A patient with untreated obstructive sleep apnea has about two to three times greater risk of heart disease. i Of course, when treated, the prevalence of heart disease should logically decrease. BUT – this may not be the case.
A study published in eBioMedicine analyzed people with obstructive sleep apnea, with the resulting data suggesting that high CPAP pressures may explain why the machines do not lower the risk of heart disease.ii “CPAP machines are extremely effective in treating obstructive sleep apnea and are great for improving sleep and reducing daytime fatigue, but we haven’t seen a reduction in heart disease that we expected, and we haven’t understood why,” says Sanja Jelic, MD, a critical care medicine specialist and sleep researcher at Columbia University Vagelos College of Physicians and Surgeons, in a release.

In obstructive sleep apnea, the recurrent drops in oxygen levels, which lead to increased inflammation, is thought to cause the higher heart disease risk. Because CPAP restores normal breathing during sleep by applying positive pressure during exhalation (and in some systems, during inhalation), the use of positive pressure to keep the upper airway open has lead researchers believed that CPAP would also reduce a patient’s risk of heart disease.
Studies conducted by Jelic and Daniel Gottlieb, MD, a collaborator at Brigham & Women’s Hospital, proposed a problem with this hypothesis.

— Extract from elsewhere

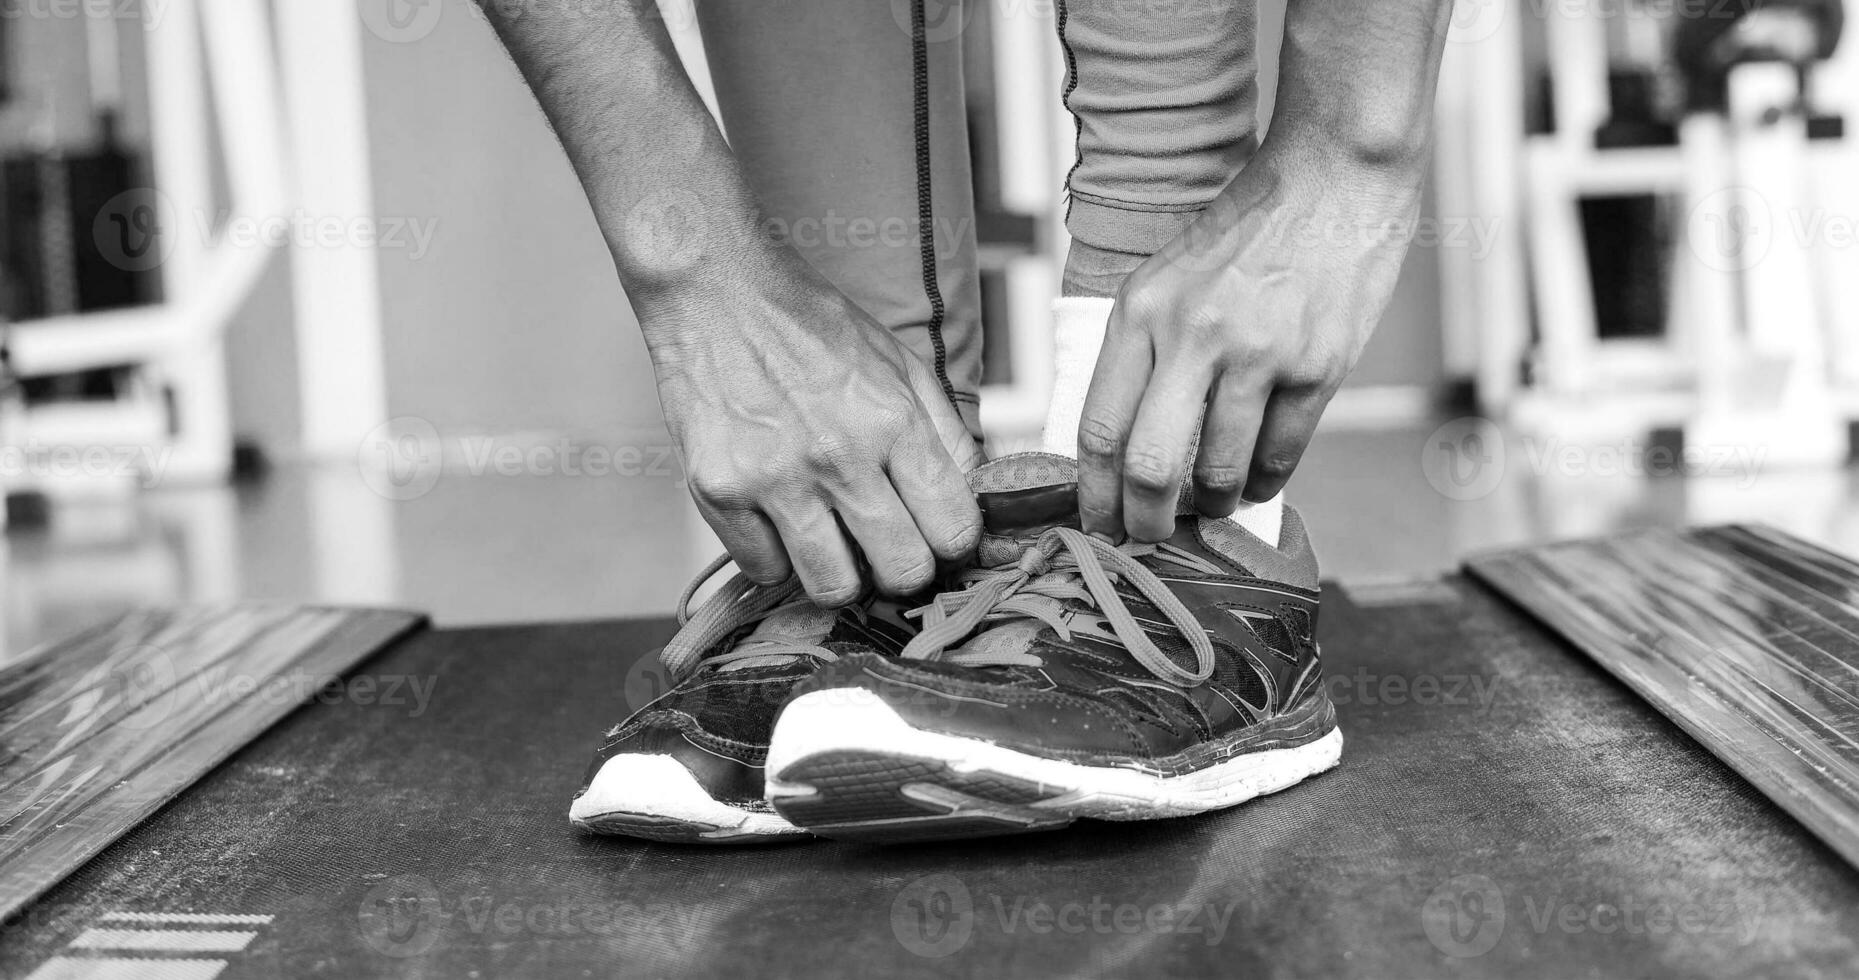 pies femeninos negros en zapatillas de deporte foto

In studies designed to understand CPAP’s effect on the body, they found that levels of a pro-inflammatory factor, angiopoietin-2 (Ang2), does not decline with CPAP use.iii Additionally, high levels of Ang2 have been linked in previous studies to a higher risk of stroke, coronary artery disease, vascular disease, and mortality.iv
“It was a surprise. We naturally expected that if you removed the intermittent hypoxia with CPAP, Ang2 release would stop, but in fact, it got worse,” Jelic says in a release. To Jelic, the pattern of Ang2 and other biomarkers in CPAP users resembled that of patients on high-pressure ventilators, and she hypothesized that high CPAP pressures may explain why the expected drop in heart disease didn’t materialize.
Jelic and Gottlieb analyzed prior studies using stored blood samples for Ang2 and other markers of inflammation and compared those numbers to CPAP adherence, median CPAP pressure, and the patients’ heart health a year later. Their analysis showed that Ang2 levels remained elevated in CPAP users, confirming Jelic’s previous findings in smaller studies, and that high Ang2 levels were associated with a greater risk of cardiovascular disease 12 months into the study. The patients with the highest Ang2 levels were those using higher CPAP pressures.

CPAP patients use pressures ranging from 4 to 20 cm H2O with median pressures varying within that range. In the study, participants with median CPAP pressure between 4 and 7 had fewer cardiovascular events compared to participants using pressures of 8 or higher. No relationship was found between Ang2 levels and the number of hours the CPAP was in use during the night. “This suggests to us that there’s something in the lungs responding to CPAP pressure that perpetuates rather than reduces the inflammation associated with obstructive sleep apnea,” says Jelic.
CPAP expands the lung, and Jelic theorizes that stretched endothelial cells in the lung release extra Ang2. Since it is not yet possible to directly measure Ang2 release from human endothelial cells, Jelic’s assumption can only conclude as speculation – although, when other tissues are stretched in laboratory tests, Ang2 release from endothelial cells increases sharply.v
Jelic and others have taken precautionary methods in their treatment of obstructive sleep apnea by generally prescribing lower pressures. “We do a careful titration to see which pressures will eliminate most of the obstructive events, and it’s working just fine.”
Currently, most physicians adjust CPAP pressures to eliminate all obstructive episodes during sleep. But Jelic says that lower pressures may reduce Ang2 and produce the same sleep and fatigue improvements, even if some obstructive episodes break through.
References
i Obstructive Sleep Apnea and Cardiovascular Disease: A Scientific Statement From the American Heart Association. Yerem Yeghiazarians, et. al., Circulation, Volume 144, Number 3.
ii CPAP may promote an endothelial inflammatory milieu in sleep apnoea after coronary revascularization. Peker, Yuksel et al., eBioMedicine, Volume 101, 105015
iii ibid
iv Akwii RG, Sajib MS, Zahra FT, Mikelis CM. Role of Angiopoietin-2 in Vascular Physiology and Pathophysiology. Cells. 2019 May 17;8(5):471.
v Davis S., Aldrich T.H., Jones P.F., Acheson A., Compton D.L., Jain V., Ryan T.E., Bruno J., Radziejewski C., Maisonpierre P.C., et al. Isolation of angiopoietin-1, a ligand for the TIE2 receptor, by secretion-trap expression cloning. Cell. 1996;87:1161–1169.